Russia is big opportunity for India – pharma leader to RT
The CEO of a Moscow-based drug maker said Indian companies are making forays into the local market as Western majors leave
Indian pharmaceutical companies have increased their presence in Russia after Western competitors withdrew from the market in the wake of the sanctions against Moscow, Satya Karm Punia, the president of Moscow-based Rus Biopharm Group, said in an interview to RT.
India became Russia’s largest supplier of pharmaceuticals last year, filling the recent void left by previously dominant Western firms. “Because of the relationship that [India and Russia share], I am sure the Indian pharmaceutical companies have a good role to play in Russia,” the Indian businessman said. His group’s manufacturing facility is located in the special economic zone in the city of Dubna near Moscow.

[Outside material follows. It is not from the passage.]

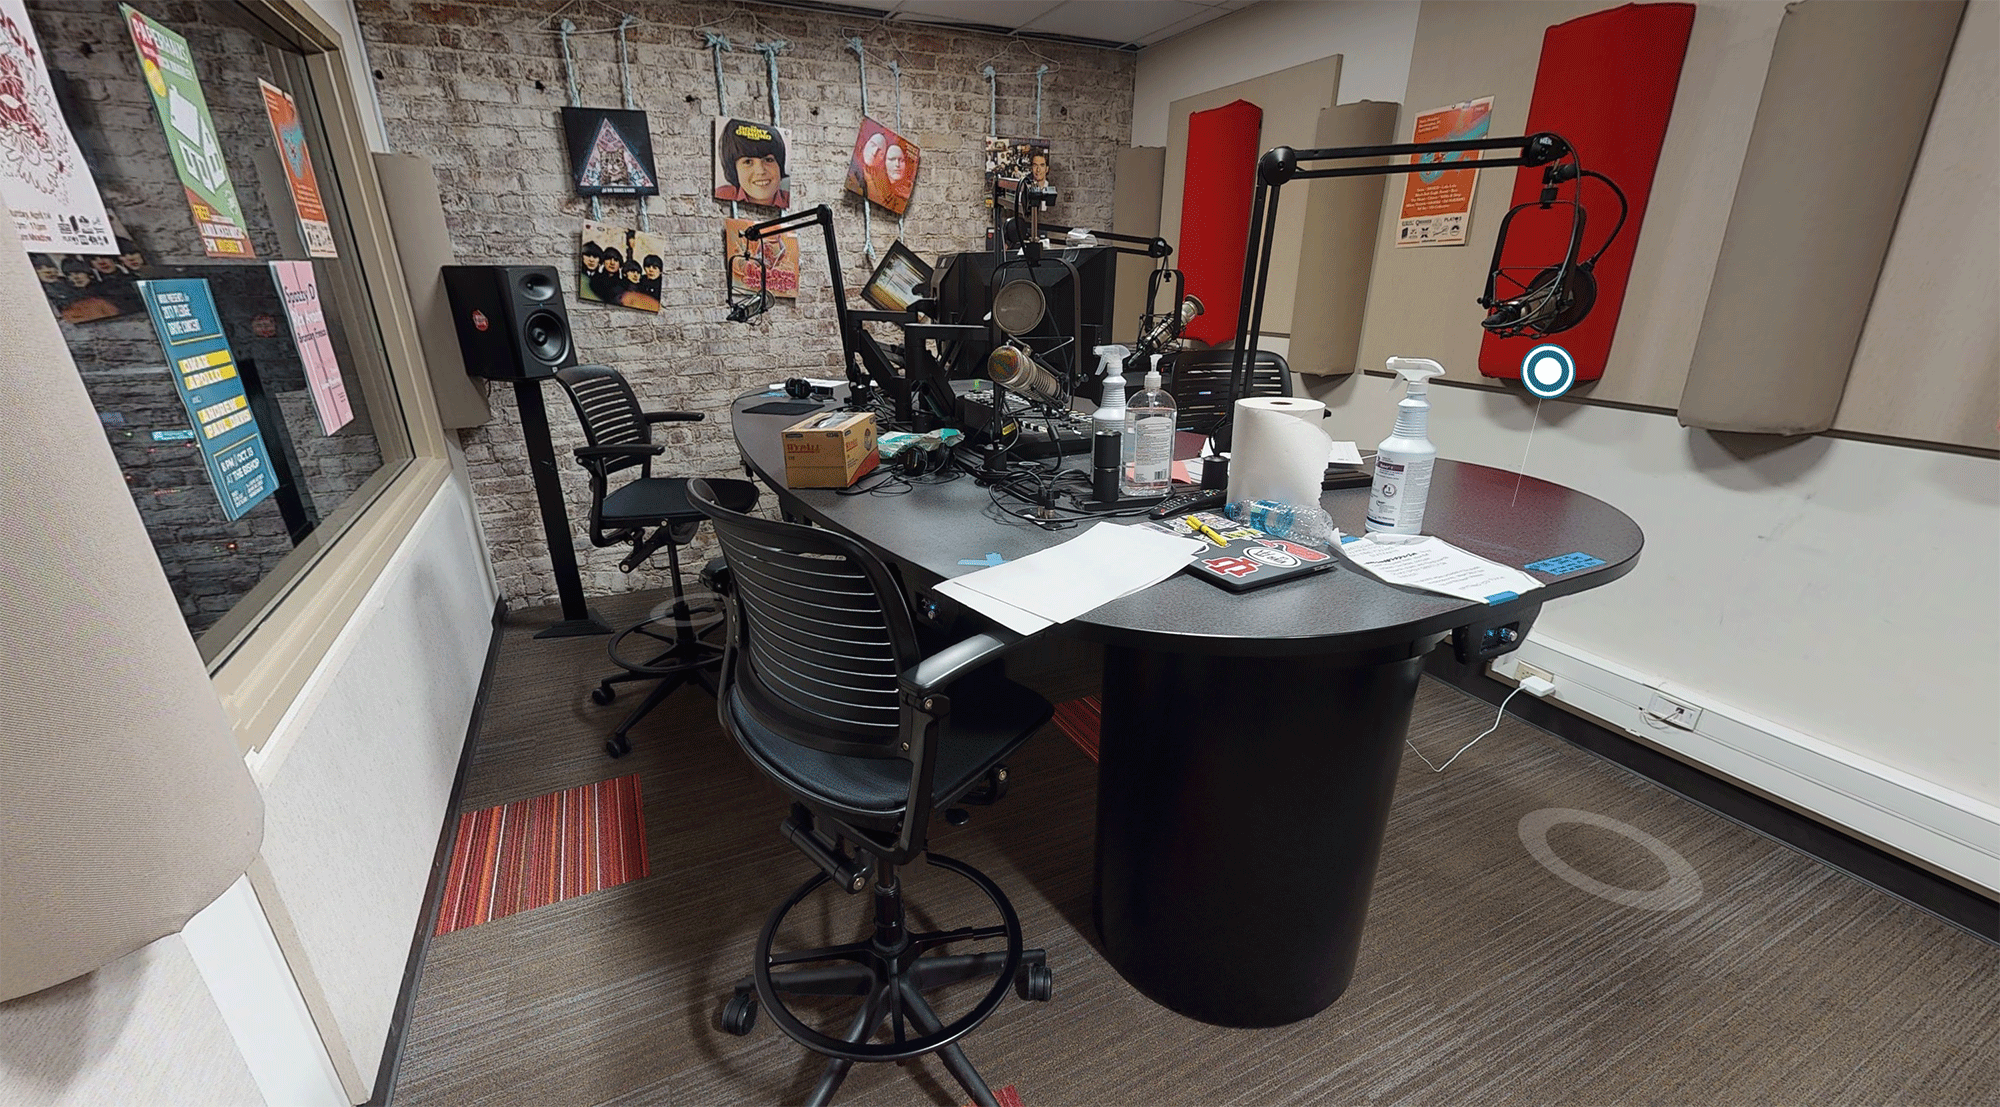 Photograph of the WIUX radio station studio with a large black desk and recording equipment.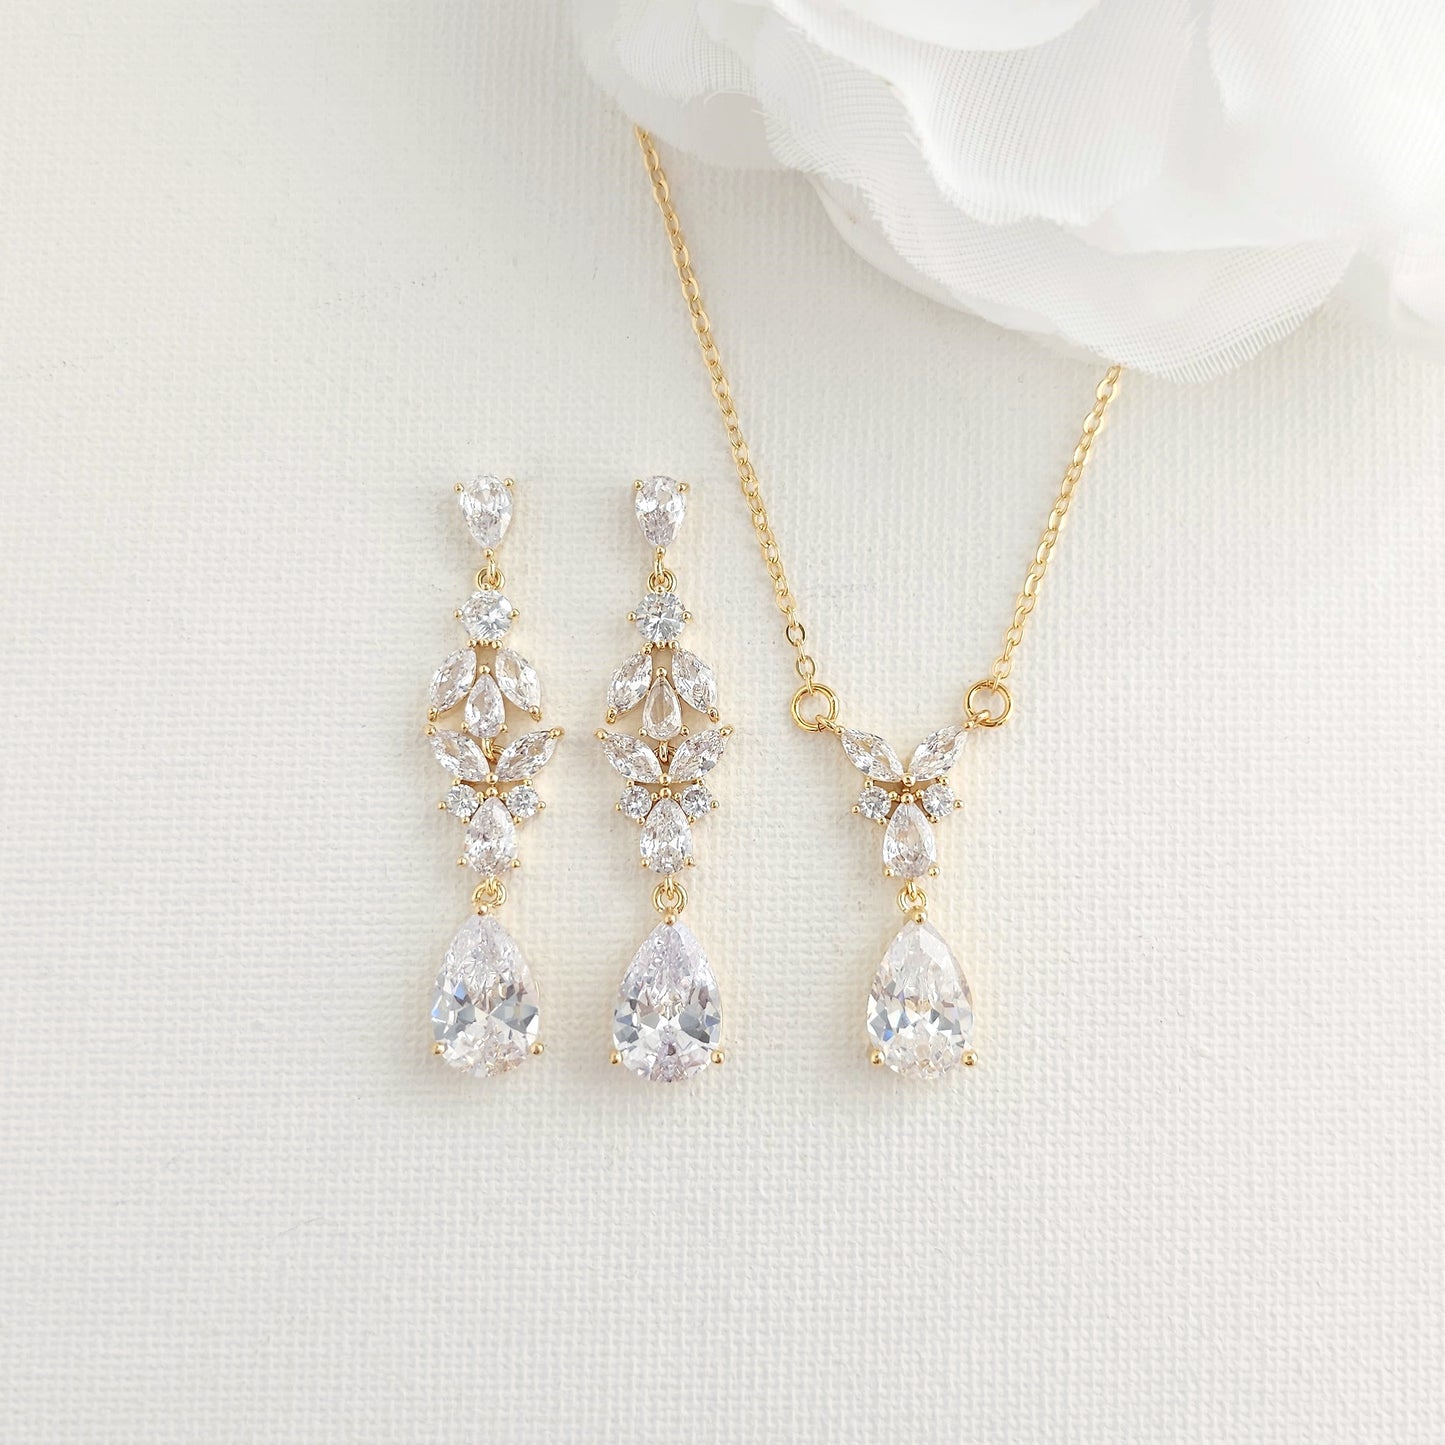 Wedding Jewelry Set in Rose Gold for Brides-Anne

Punia noted that in the past two years, since the outbreak of the conflict in Ukraine and increasing sanctions pressure on businesses, India has started supplying to Russia a host of the raw materials used to manufacture medicines, effectively replacing the Western suppliers that previously had a strong presence in the market. Punia claimed that Russia would derive a “price benefit” for its domestically produced medicines if it sourced more raw materials from India. “The medicines would get cheaper, which means [it would be] more accessible for the regular people; that is a huge benefit.”
The businessman termed India’s increasing forays into the Russian market a “big opportunity” for the South Asian nation. According to Punia, around 15-20 Indian pharmaceutical companies are already working in Russia, although just a few have established manufacturing units in the country.
India recently replaced Germany as the top supplier of medicines to Russia. Indian manufacturers ramped up exports by 3% last year, delivering nearly 294 million packages of medicine to Russia. Germany was Russia’s top supplier in 2021 and 2022, RBK reported earlier this week, citing data compiled by the consultancy RNC Pharma. Mumbai-based Oxford Laboratories was one of the top suppliers to Russia last year, boosting exports by 67% to 4.8 million packages, the data showed.
Many Western pharmaceutical companies have suspended their non-essential work and investments in Russia over the Ukraine conflict, while several key global pharma producers, including Eli Lilly, Bayer, Pfizer, MSD, and Novartis, have also halted new clinical trials in Russia. “Interestingly, health care is not under sanctions,” Punia said. “But somehow, the big pharma – maybe not formally – are under pressure to stop investing in Russia [and] to stop supplies of important medicines.” Describing the situation as “morally wrong,” Punia asserted that big pharma companies are losing an important market and thus “damaging themselves.”